>>>>
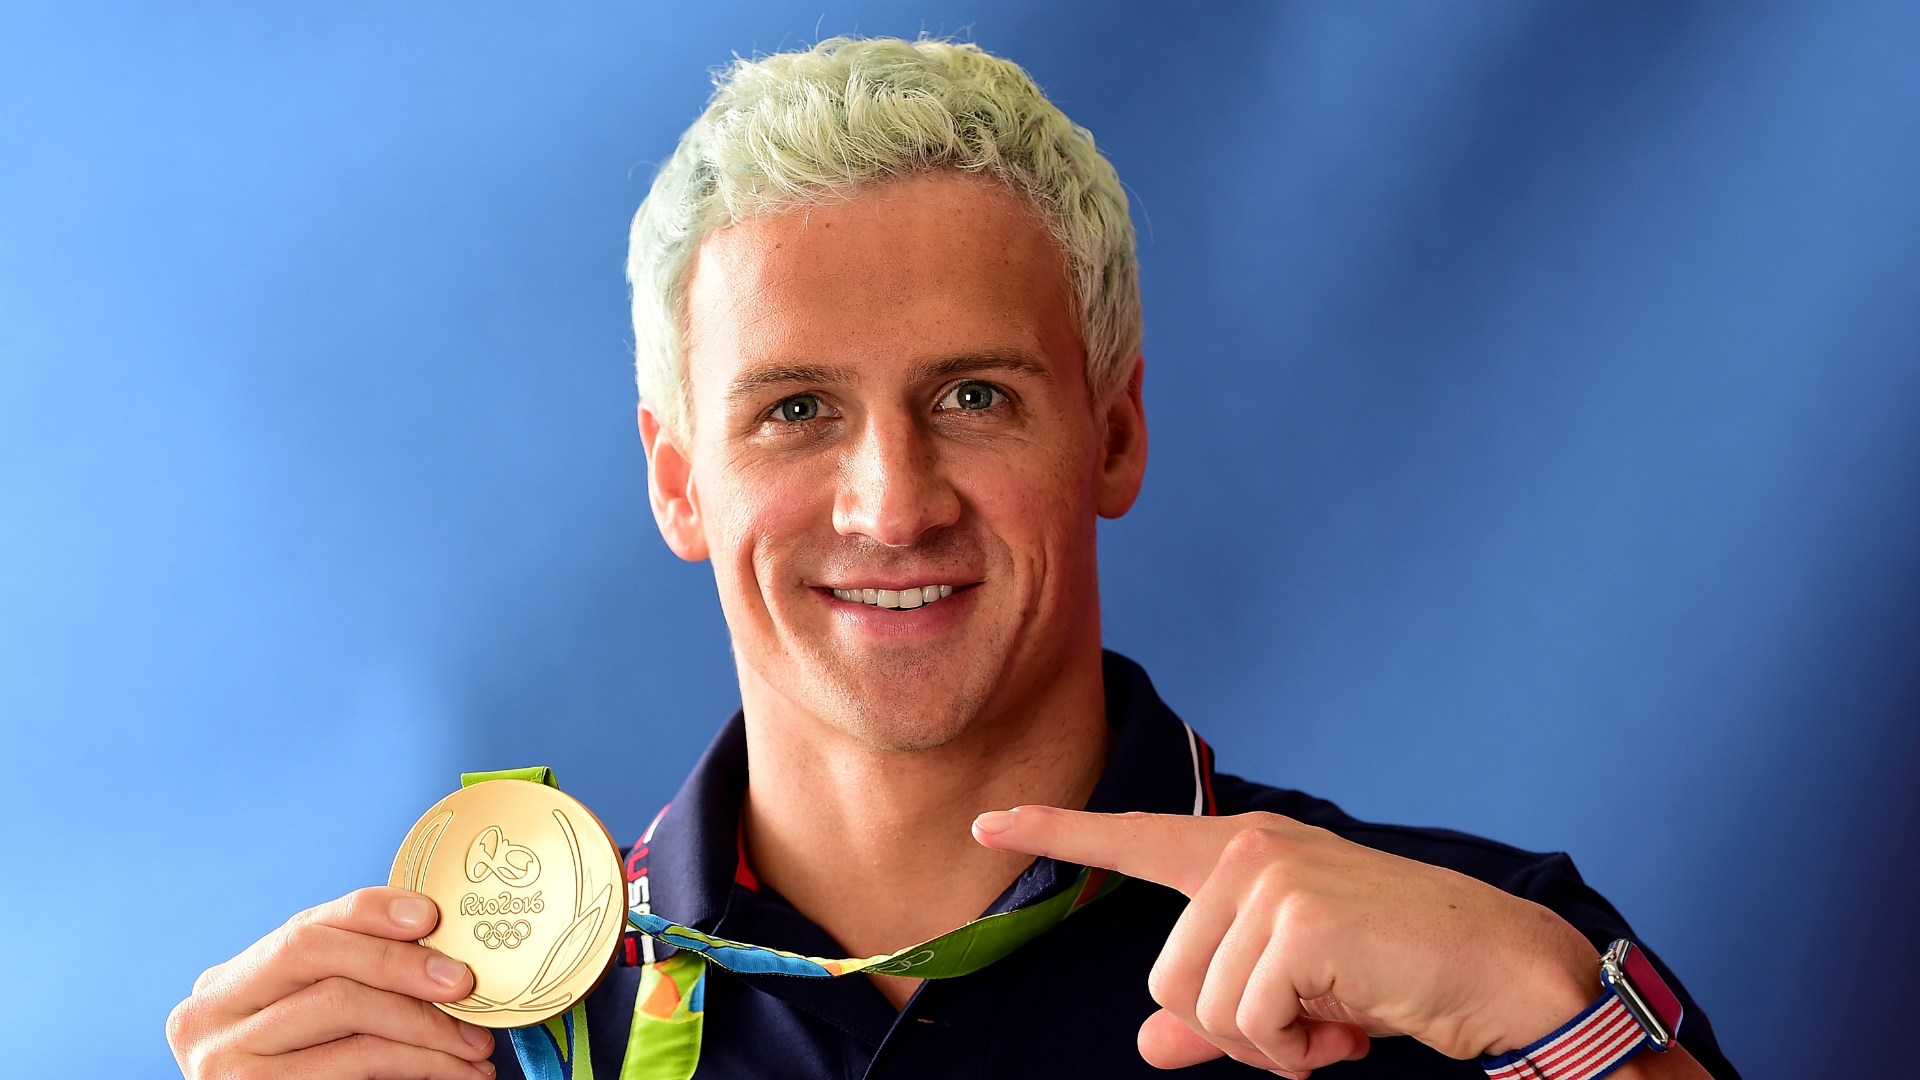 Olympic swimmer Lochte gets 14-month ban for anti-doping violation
<<<<
>>>>
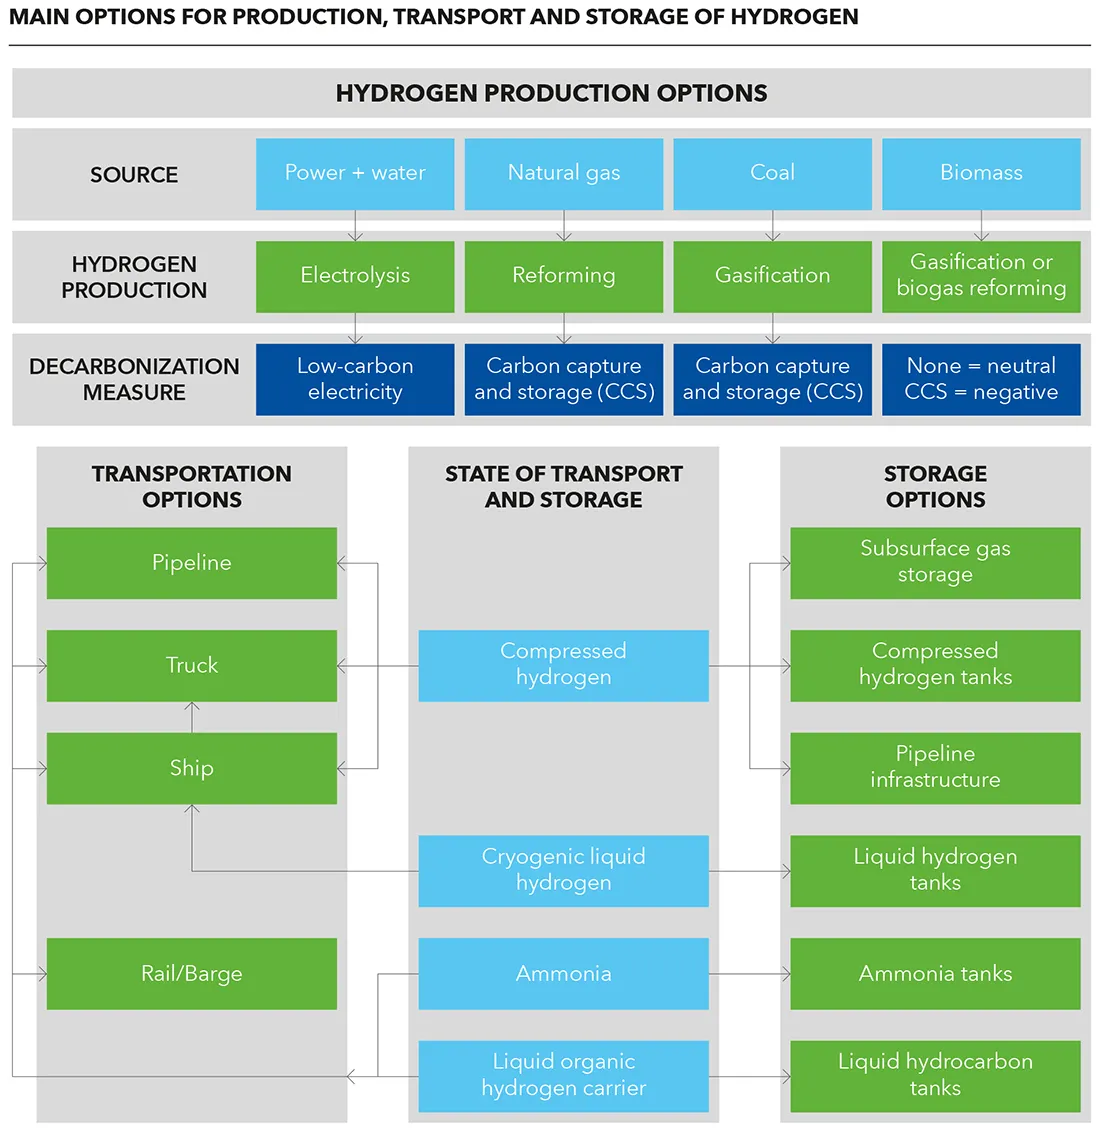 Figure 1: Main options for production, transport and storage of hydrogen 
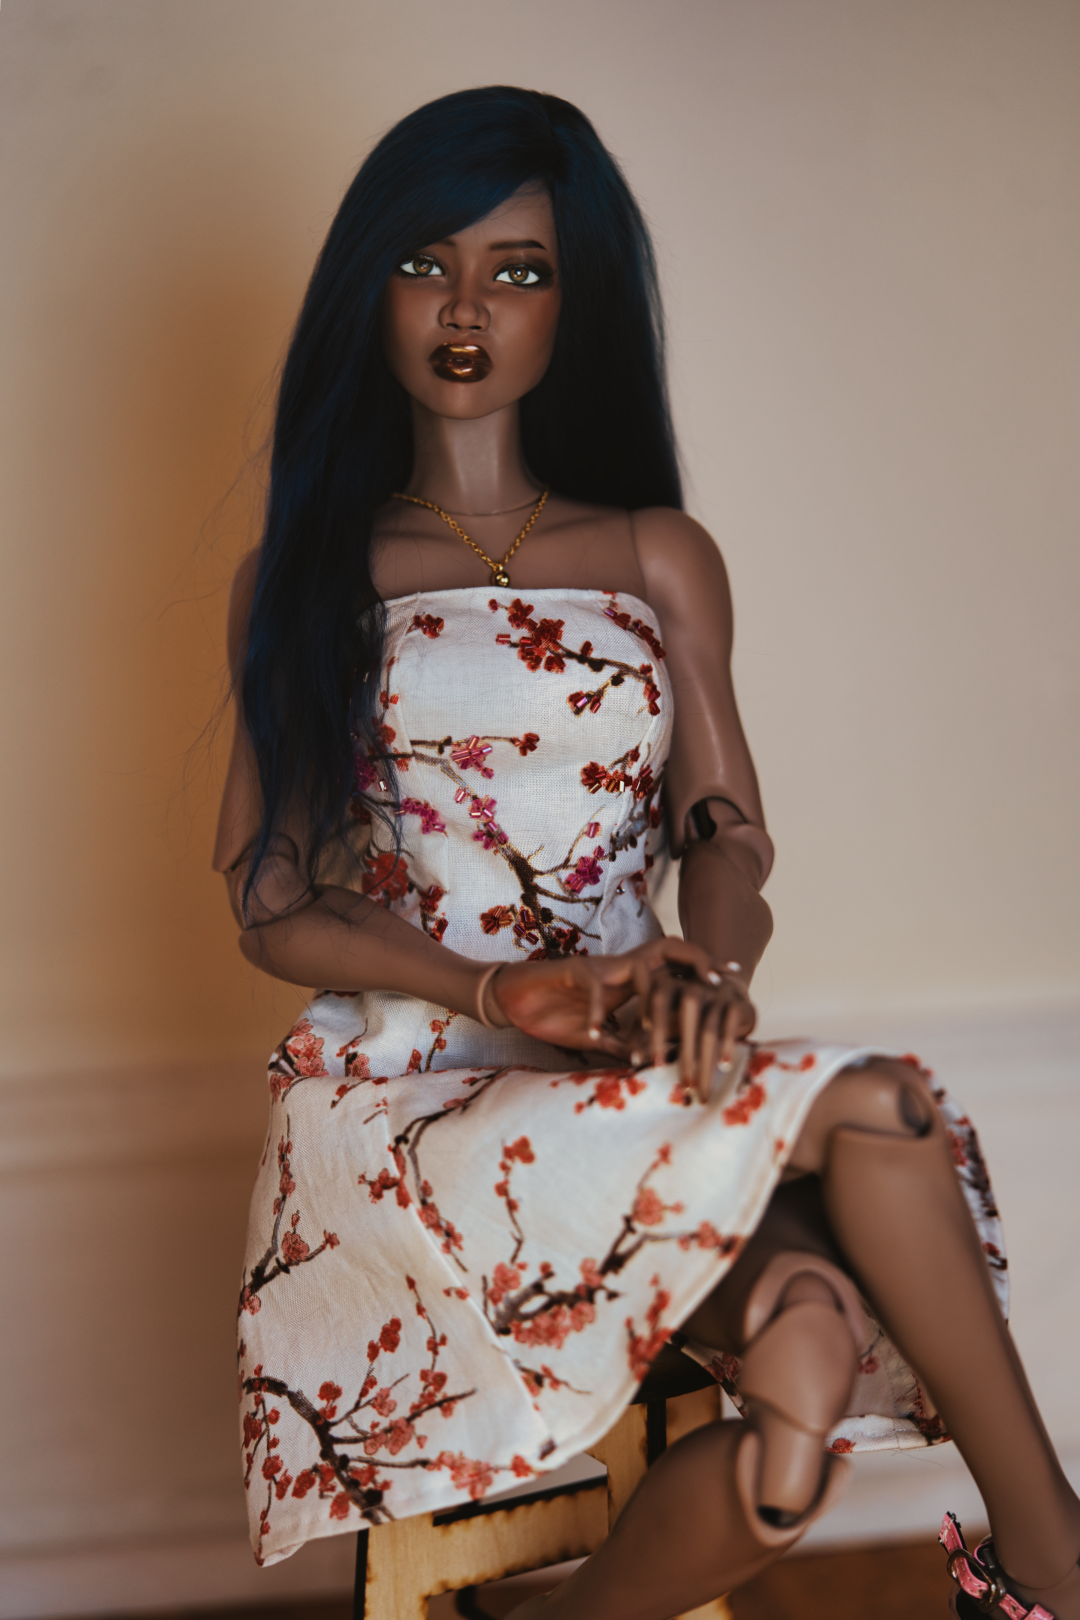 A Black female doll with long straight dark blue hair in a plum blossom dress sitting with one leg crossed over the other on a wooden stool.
<<<<
• **EXERCISE BRIEF**
Exact copy, pictures excluded: every line above from the one containing "Figure 1: Main" to the one containing "A Black female", inclusive, and nothing more.

• **RESULT OF THIS TASK**
 Figure 1: Main options for production, transport and storage of hydrogen 
 A Black female doll with long straight dark blue hair in a plum blossom dress sitting with one leg crossed over the other on a wooden stool.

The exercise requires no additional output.